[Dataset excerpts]
== Segment start ==
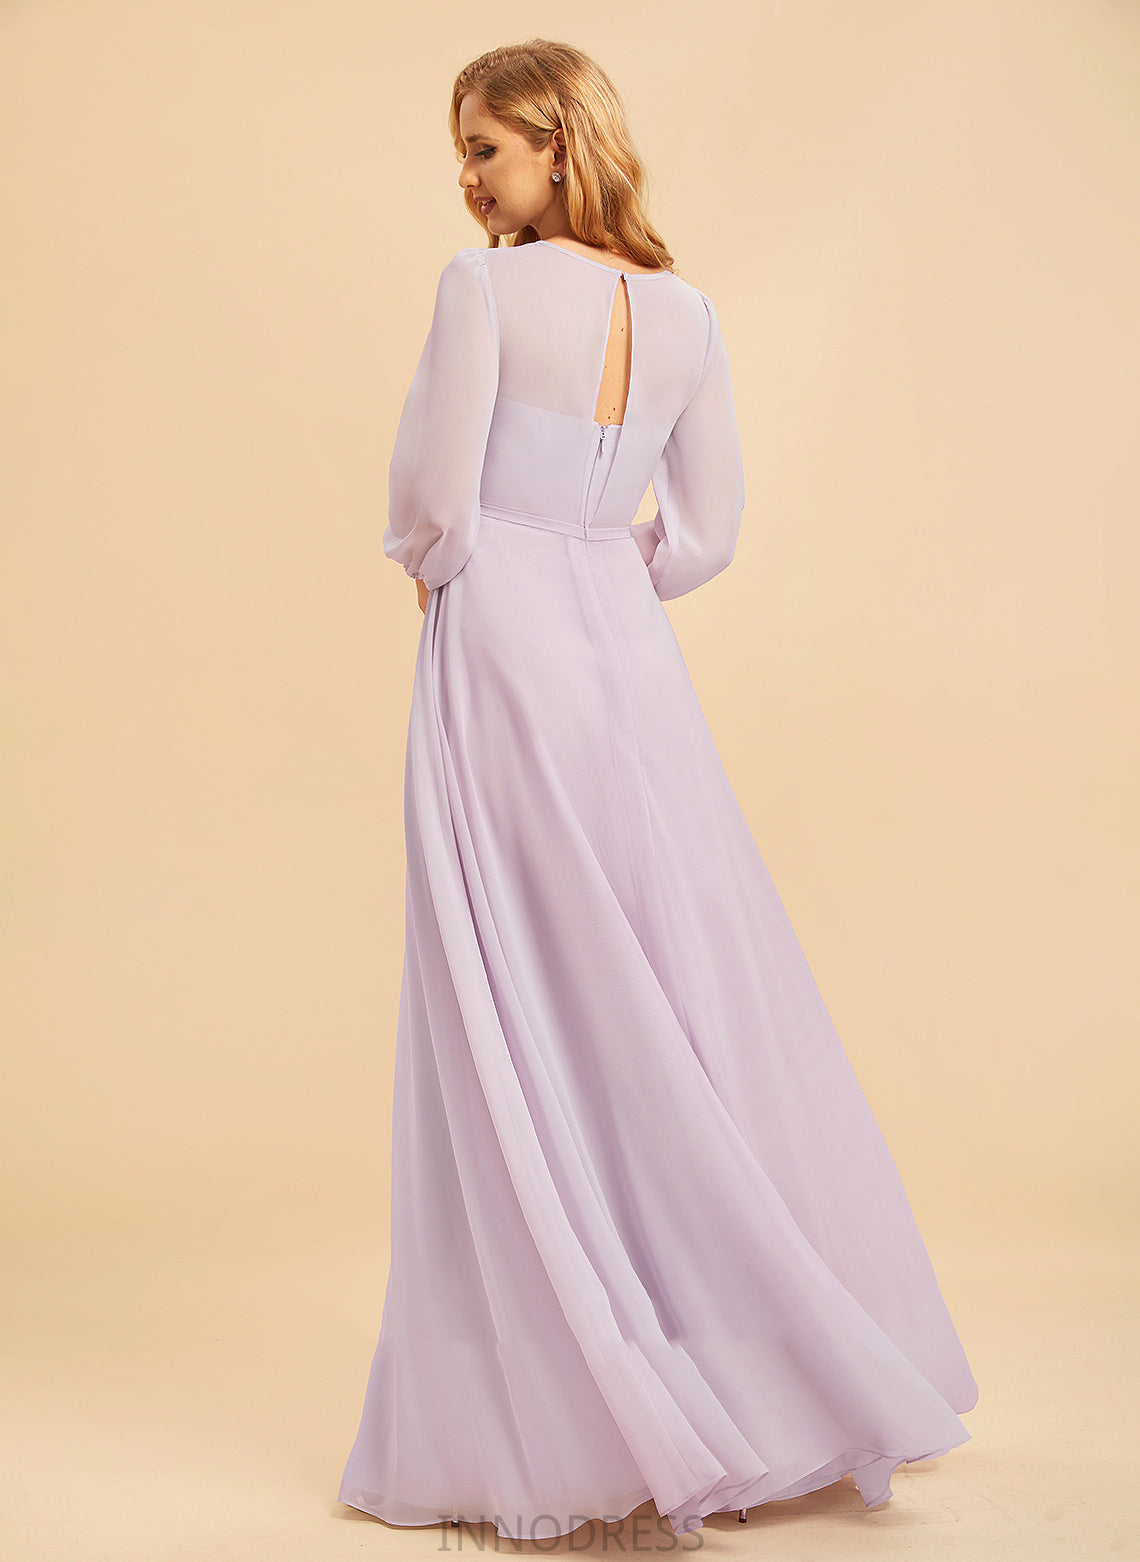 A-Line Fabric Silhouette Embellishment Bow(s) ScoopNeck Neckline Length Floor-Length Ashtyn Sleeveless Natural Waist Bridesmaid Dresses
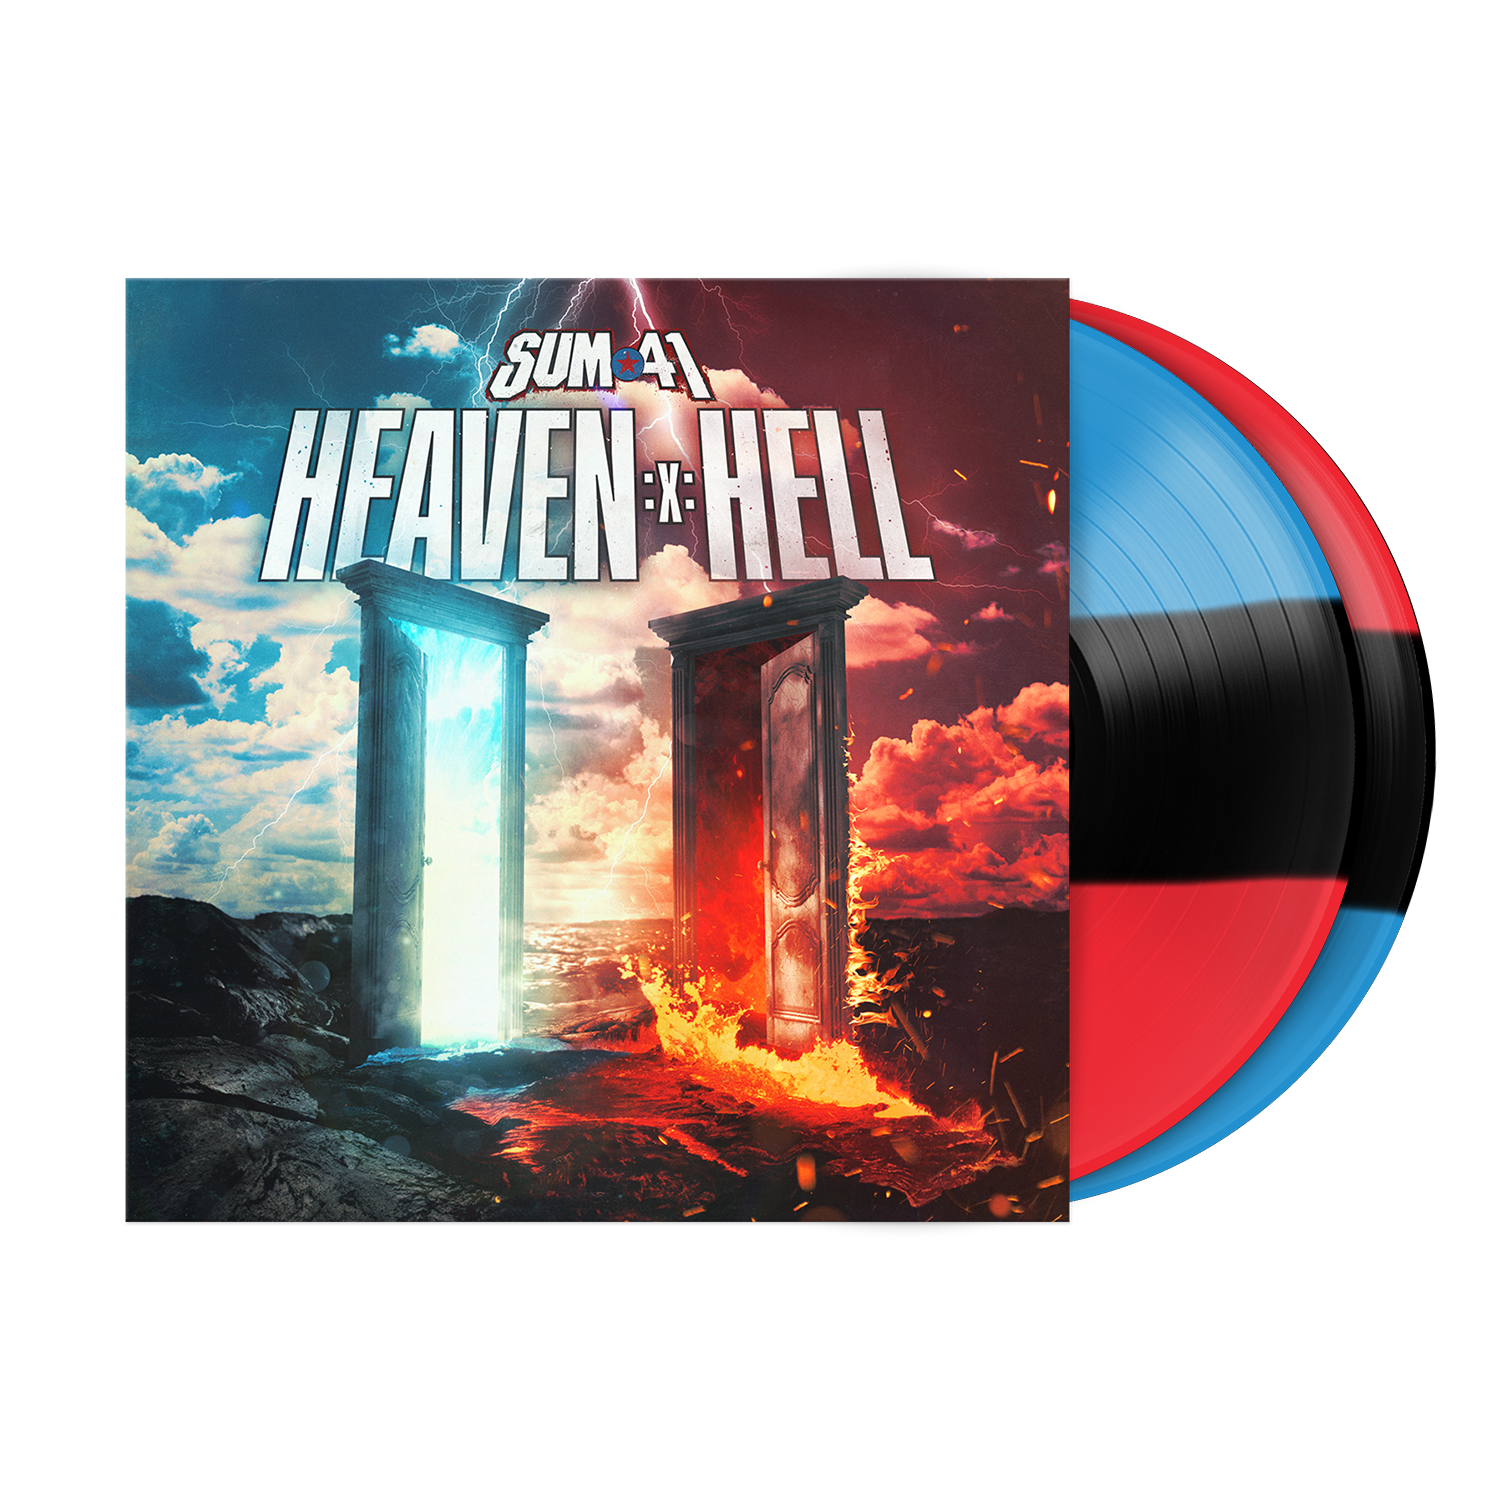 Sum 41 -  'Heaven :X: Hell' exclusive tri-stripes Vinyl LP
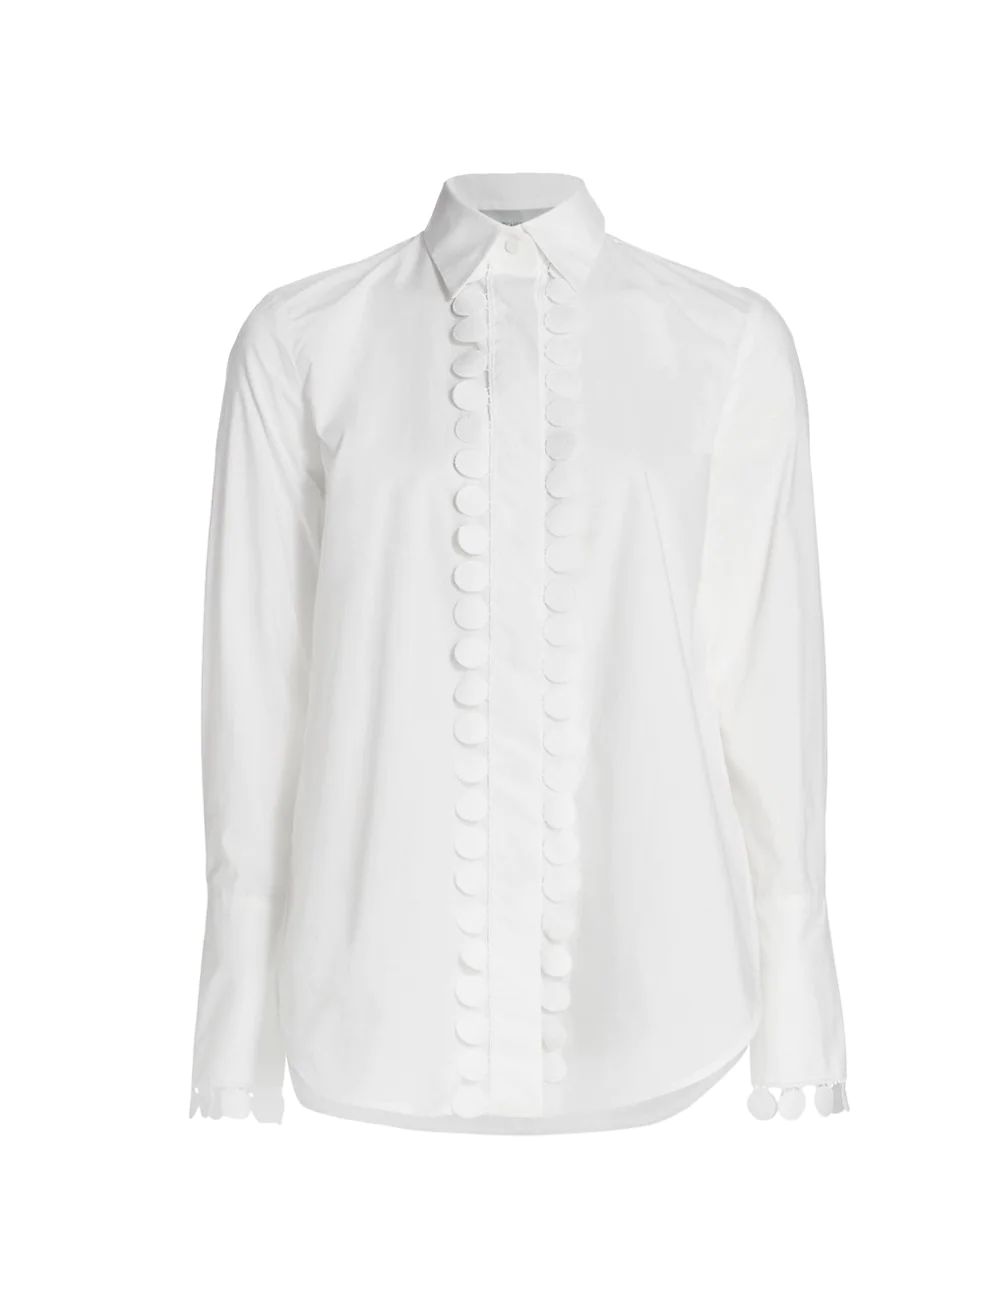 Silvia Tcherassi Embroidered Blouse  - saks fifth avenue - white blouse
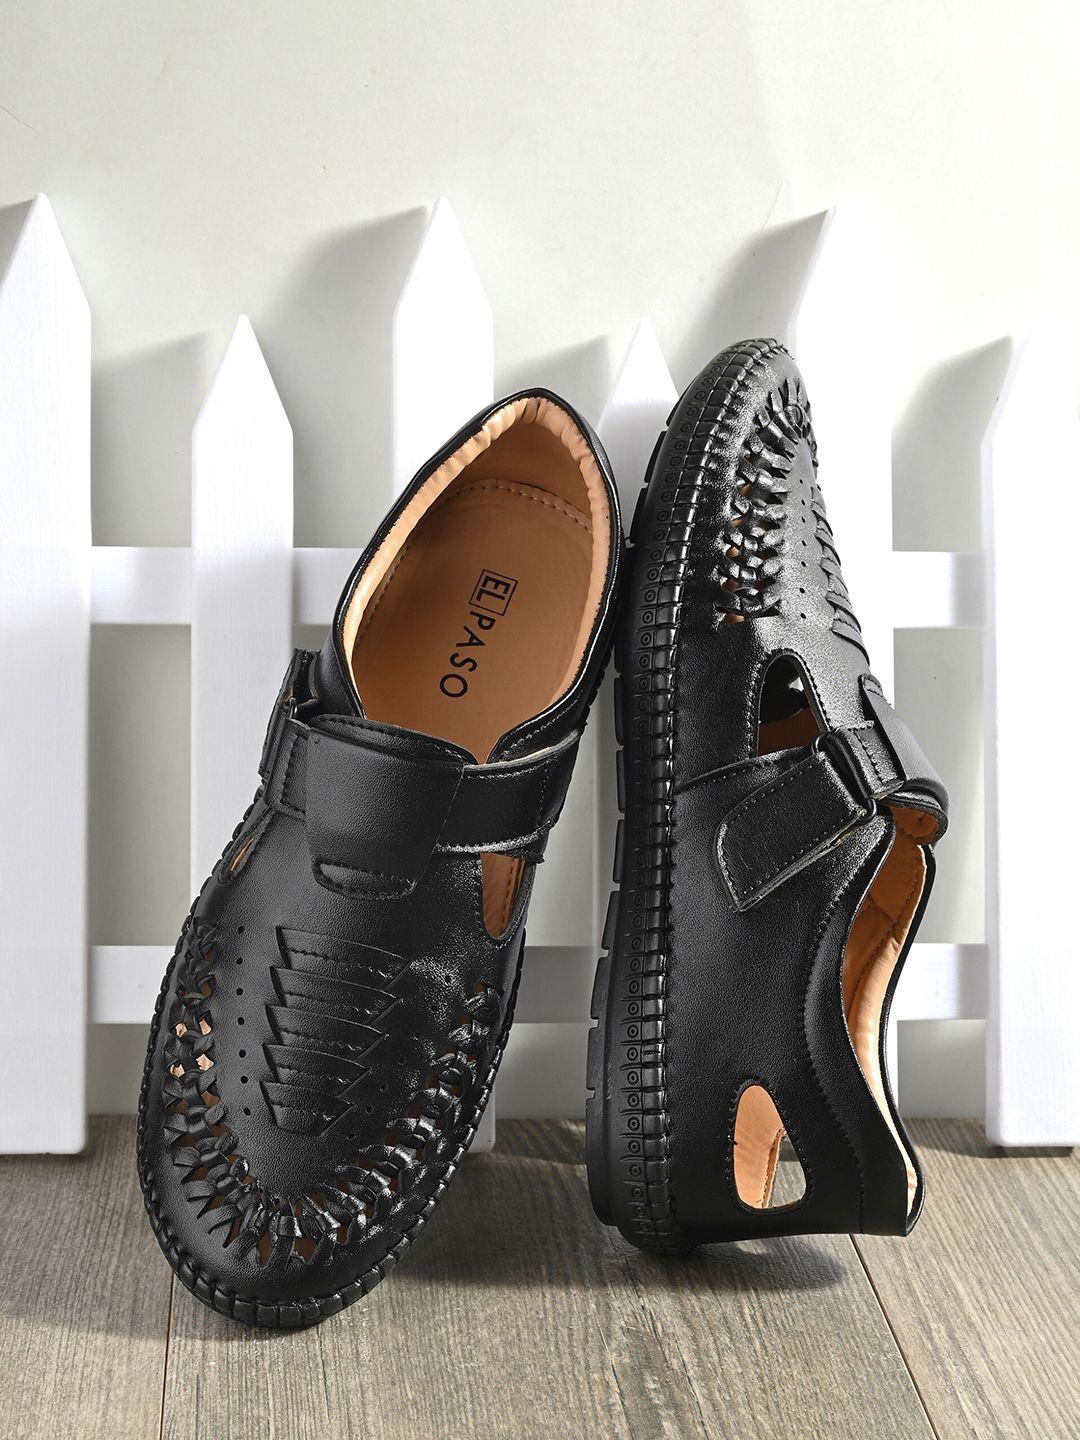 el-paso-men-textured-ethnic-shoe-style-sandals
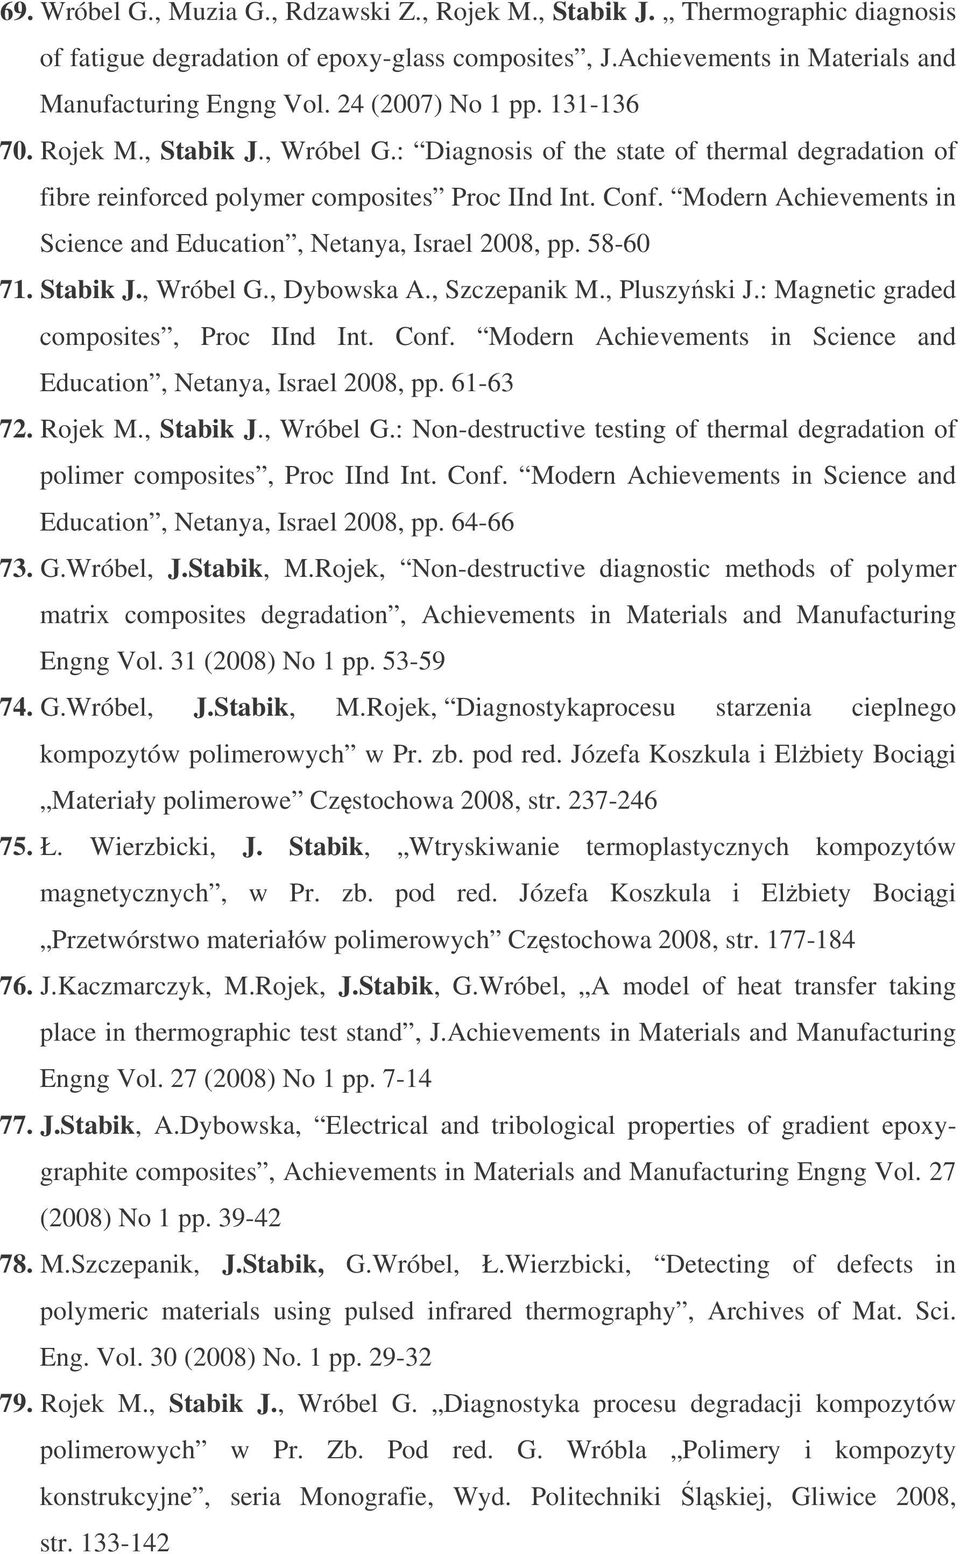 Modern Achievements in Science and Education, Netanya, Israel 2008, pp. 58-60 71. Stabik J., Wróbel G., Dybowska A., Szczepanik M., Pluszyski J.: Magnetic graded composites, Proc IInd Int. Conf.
== Segment end ==
### Task to carry out
Your task is to print exactly the lines from the one containing "tri-stripes Vinyl LP" through the final line of the records above, with no pictures and nothing more.

### Response to the exercise
 Sum 41 -  'Heaven :X: Hell' exclusive tri-stripes Vinyl LP
 Silvia Tcherassi Embroidered Blouse  - saks fifth avenue - white blouse
 el-paso-men-textured-ethnic-shoe-style-sandals
 Modern Achievements in Science and Education, Netanya, Israel 2008, pp. 58-60 71. Stabik J., Wróbel G., Dybowska A., Szczepanik M., Pluszyski J.: Magnetic graded composites, Proc IInd Int. Conf.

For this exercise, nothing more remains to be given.